SOAP/AM Server allows permissions to be set on folders which protect their contents from unauthorized access. In order to access a SOAP/AM Web service, the caller must have "Execute" permission for the folder that contains the Service Definition File (.sdf) for the service. See Folder Permissions Management in the Administrator's Guide for information about folder permissions.

If the folder which contains the .sdf for your service does not specify (explicitly or inherited) Execute permission for the "Anonymous" user (or a group that contains that user), clients accessing the Web service will require authentication by the SOAP/AM Server. Authentication is the process through which the server verifies the identity of its client. During authentication, the client must supply an encoded user name and password in the HTTP message's header. Note, user names are not case sensitive; passwords are case sensitive. SOAP/AM Server supports two standards for user authentication: Basic Authentication and Digest Authentication.

HTTP authentication semantics dictate that, for a given session, clients first attempt to access resources anonymously (without an authentication header). If the anonymous access to the resource is not permitted, the server returns a status code 401 ("unauthorized") and information about the type of authentication it supports. This is a signal for the client to create an authentication header containing the user's name and password and to attempt to access the resource again.

These semantics imply that anonymous access must fail in order to for authentication to occur. Therefore, you must disable Execute permission for the Anonymous user on the folder the contains your .sdf if you want to require that the user be authenticated.

Fortunately, HTTP authentication is usually supported by the client library or tool kit and not a concern for the SOAP client application developer. The specifics of the HTTP protocol are beyond the scope of this document.

Basic Authentication

Basic Authentication is the simpler but less secure method. It merely requires that user's credentials be base-64 encoded. This encoding is easily reversible, so someone electronically eavesdropping on your TCP/IP session could discover your password. Therefore, it's recommended that Basic Authentication be used in conjunction with HTTPS, which provides additional security by using strong encryption over the entire session.

It is possible to authenticate "preemptively" using Basic Authentication, sending the authentication header with the foreknowledge that authentication is required. This eliminates a round-trip to the server since the "401" status and subsequent retry is not required. This technique does not work with Digest Authentication, however, since it is dependent on information returned in the 401 status response in order to be able to encode the user credentials.

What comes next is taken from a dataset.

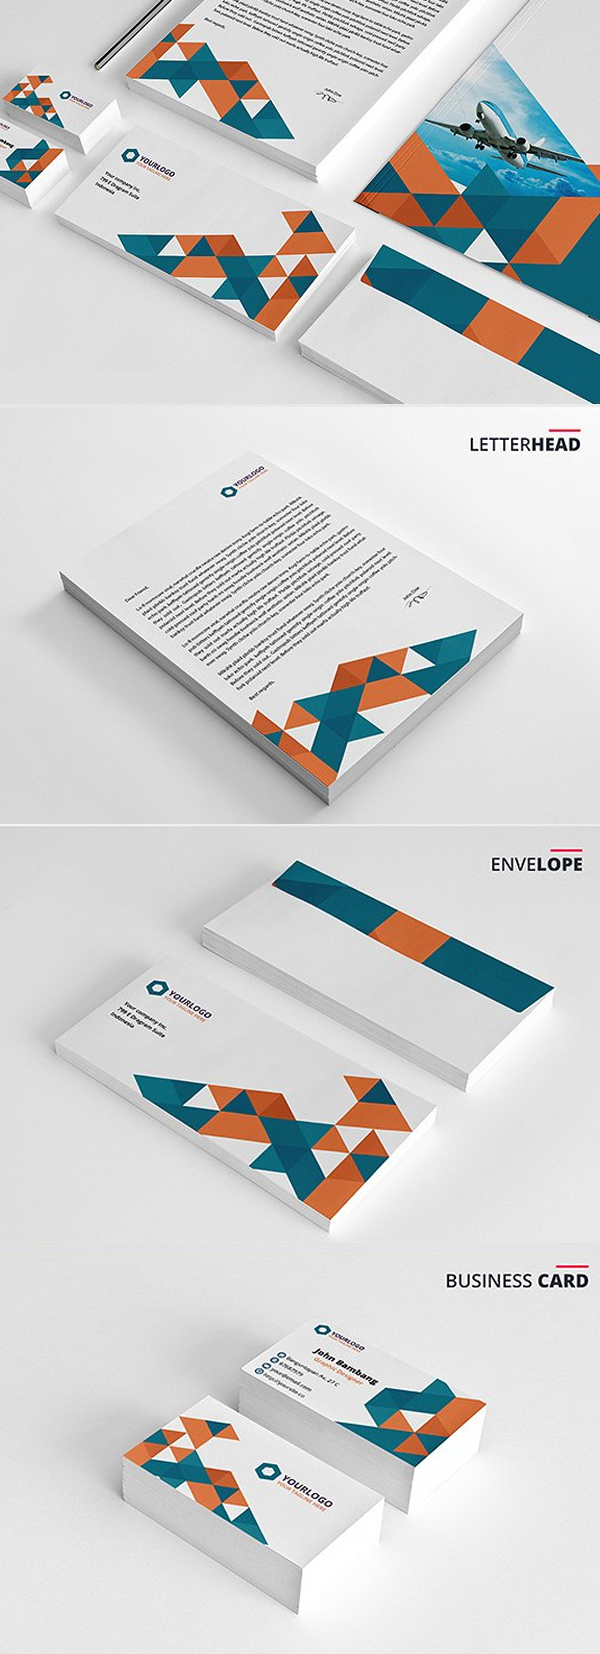 Modern Business Branding / Stationery Templates Design - 14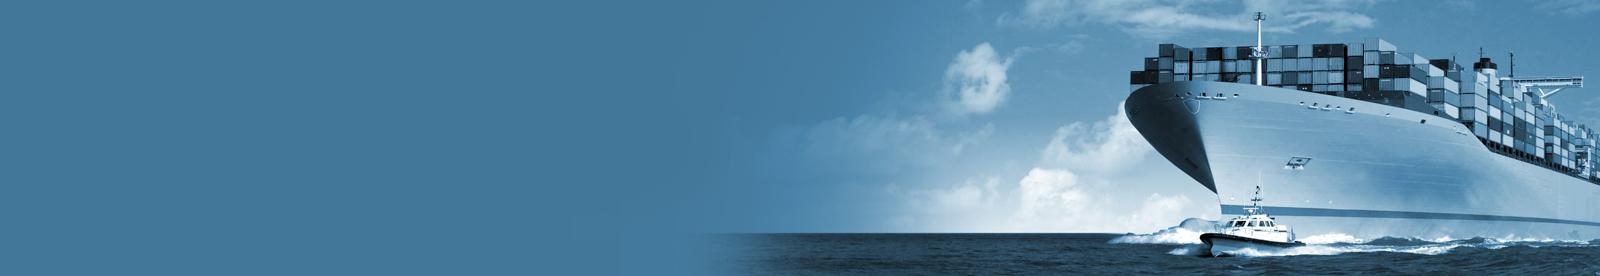 fret-maritime

Basic Authentication may be disabled by the SOAP/AM Administrator through the Control Panel, forcing client applications to use Digest Authentication.

Digest Authentication

In Digest Authentication, the user's credentials are more encrypted using the MD5 algorithm. Consider using digest authentication if your client library or tool kit supports it. However, since the encryption and decryption of the user credentials is complex, there may be a slight performance penalty.

Some client applications that only support Basic authentication can be confused by the presence of a Digest Authentication header in a 401 status HTTP response. Digest Authentication may be disabled by the SOAP/AM Server Administrator through the Control Panel, allowing these applications to function.